The changing face of directorship

The culture of the boardroom can make or break a director’s ability to fulfil their duties

    • As the role of the director continues to evolve, so too must the approach to board recruitment and development.
    • As the role of the director continues to evolve, so too must the approach to board recruitment and development. PHOTO: BT FILE
    Published Fri, Dec 5, 2025 · 05:00 AM

    A DECISION to join the board of a listed company is often seen as a prestigious capstone to a successful career. But the boardroom today is not what it used to be. New directors can quickly discover that the expectations of a modern board role are far greater than they were before. The responsibilities are heavier, the risks higher, and the scrutiny from regulators, shareholders and society more intense.

    In the past, a board role focused on oversight, networking and the occasional strategic intervention. As the business environment has evolved, so too have the demands placed on boards.

    Today’s directors must grapple with a host of emerging issues: climate change, sustainability, cyber security, technological disruption and a rapidly shifting regulatory landscape.

    Expanding role of the ‘modern’ director

    This expansion of duties means that the skills required in the boardroom have broadened significantly. No longer is it sufficient to have a board composed solely of individuals with management or financial expertise. The ability to anticipate and respond to societal expectations, manage digital risks and oversee complex compliance requirements is now part of the director’s remit.

    Companies law, including the Companies Act of Singapore, would typically require directors to manage the business in the company’s best interests. Today, directors who consider profit maximisation for the benefit of shareholders as their primary duty to the company are, in addition, challenged to embed purpose and community into the equation.

    Putting profit before purpose has been criticised as “short-termism”. Calls to recalibrate corporate governance as a collaboration among corporations, shareholders and other stakeholders have shifted the focus to achieving sustainable, long-term value. These principles are embodied in the Code of Corporate Governance and the Singapore Exchange’s Listing Rules that require listed companies to publish sustainability reports.

    The true test of a board

    Given these heightened expectations, the composition of the board is more critical than ever. For a prospective director, assessing whether the board has the right mix of skills, experience and perspectives is a fundamental step in the due diligence process.

    A well-constituted board should be diverse – not just in terms of gender, ethnicity, or age, but in professional background, expertise and thought. Diversity of skills ensures that the board can collectively address the full spectrum of risks and opportunities facing the company. For example, a company with significant environmental impact should have directors who understand sustainability and regulatory compliance.
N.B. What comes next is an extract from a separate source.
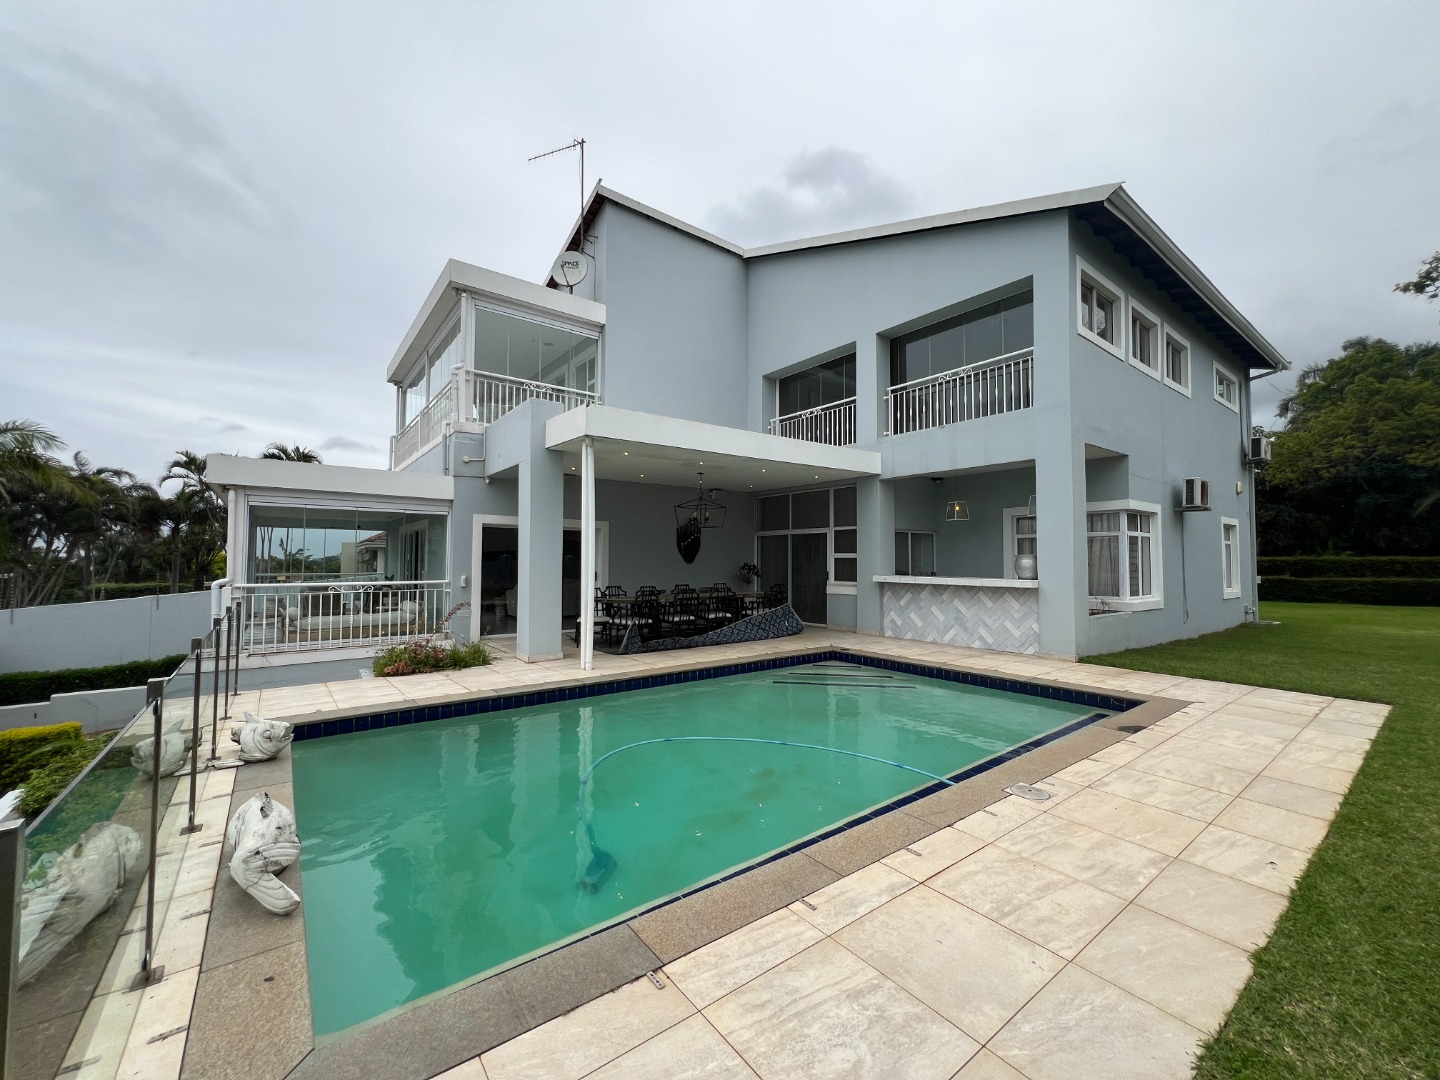 Exquisite 5 Bedroom Luxury House For Sale in Durban North

    Equally important is the mindset of the board. In upholding their fiduciary duties, directors must act in the best interests of the company, maintain independence of thought, and exercise reasonable diligence. Mutual respect among directors is essential for effective governance. Constructive disagreement should be encouraged, but it must be grounded in professionalism and a shared commitment to the company’s success.

    The culture of the boardroom can make or break a director’s ability to fulfil their duties. A board that values open dialogue, critical thinking and ethical decision- making will be far more effective than one where dissent is stifled or where decisions are made based on personal relationships rather than the company’s best interests.

    For anyone considering joining a board, due diligence is essential. Who really holds decision-making authority? How are conflicts resolved? Is there a culture of transparency and respect for independent views, or is the board expected to rubber- stamp decisions?

    The price of getting it wrong

    The risks of joining the wrong board are significant. Directors can be held personally liable for failures in oversight, especially in cases of fraud, regulatory breaches or major governance failures. The reputational damage from being associated with a dysfunctional or unethical board would be lasting.

    Recent legal cases in Singapore have underscored these risks. In the Inter-Pacific Petroleum case, the claim against a non-executive director for fraud perpetrated by the executive management sent shockwaves through the director community, highlighting the importance of vigilance and the limits of director liability. While the courts ultimately clarified that directors are expected to be “sentinels, not sleuths”, the message was clear: directors must exercise reasonable diligence and cannot turn a blind eye to red flags.

    Boardroom of the future

    As the role of the director continues to evolve, so too must the approach to board recruitment and development. Companies need to invest in building boards that are fit for purpose – diverse, skilled and forward-looking. After all, companies spend time and efforts in the recruitment of CEOs, CFOs and other C-suite personnel. So why should they expend less time and efforts to find the right individuals tasked to provide the strategic direction for the company?

    Prospective directors, for their part, must be discerning in their choices, seeking out boards that are committed to good governance and continuous improvement. With the world evolving so rapidly, directors should take it upon themselves to continually be updated on areas such as environment and technology. Ultimately, the effectiveness of a board depends on the quality and integrity of its members.

    For anyone considering a board seat, the message is clear: do your homework, ask the hard questions, and join only those boards where you can be confident that your skills, values and commitment to fiduciary duty will be matched by your fellow directors. In today’s complex and high-stakes environment, nothing less will do.

    The writer is a member of the Review Panel for the Remuneration Committee Guide of the Corporate Governance Guides for Boards in Singapore published by the Singapore Institute of Directors.